Task objective :: From the line containing "moving ahead in" through the last line of the records below, output every line exactly, both ends included, except the pictures.

Data under study ::
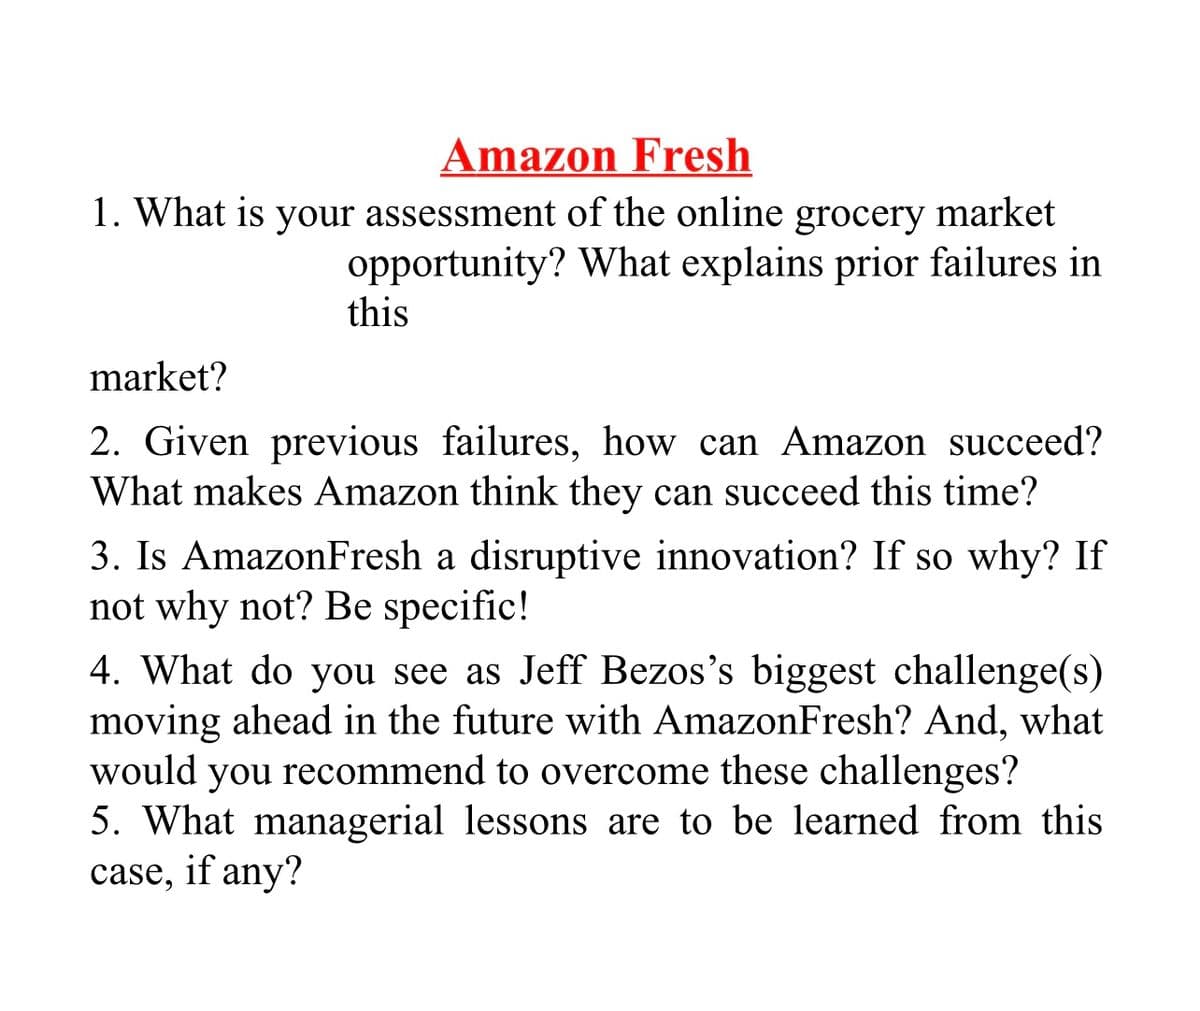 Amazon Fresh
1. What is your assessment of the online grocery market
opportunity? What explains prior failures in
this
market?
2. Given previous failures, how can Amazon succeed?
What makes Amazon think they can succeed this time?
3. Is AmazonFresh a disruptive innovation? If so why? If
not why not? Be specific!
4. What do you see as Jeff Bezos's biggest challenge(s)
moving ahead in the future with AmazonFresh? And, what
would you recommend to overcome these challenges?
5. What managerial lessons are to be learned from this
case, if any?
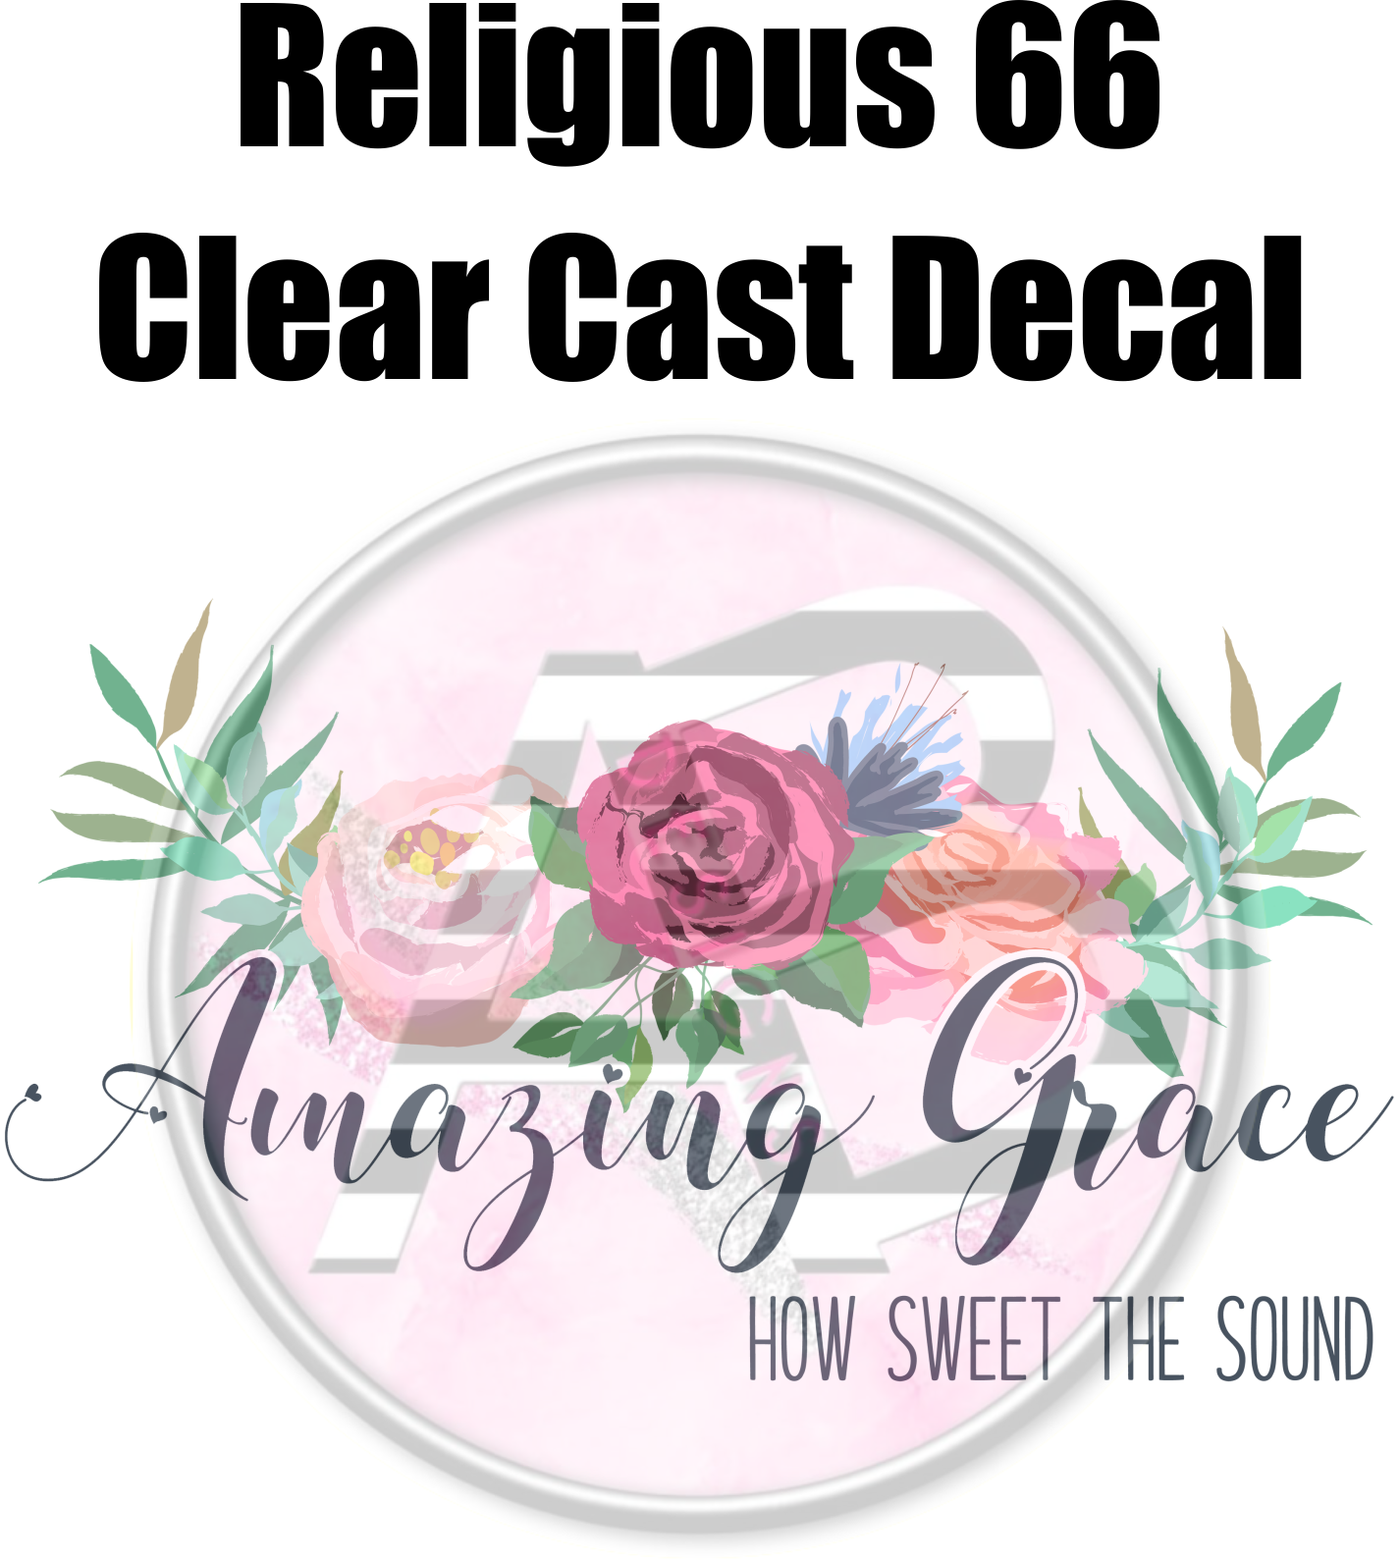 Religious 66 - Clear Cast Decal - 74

The answer ::
moving ahead in the future with AmazonFresh? And, what
would you recommend to overcome these challenges?
5. What managerial lessons are to be learned from this
case, if any?
 Religious 66 - Clear Cast Decal - 74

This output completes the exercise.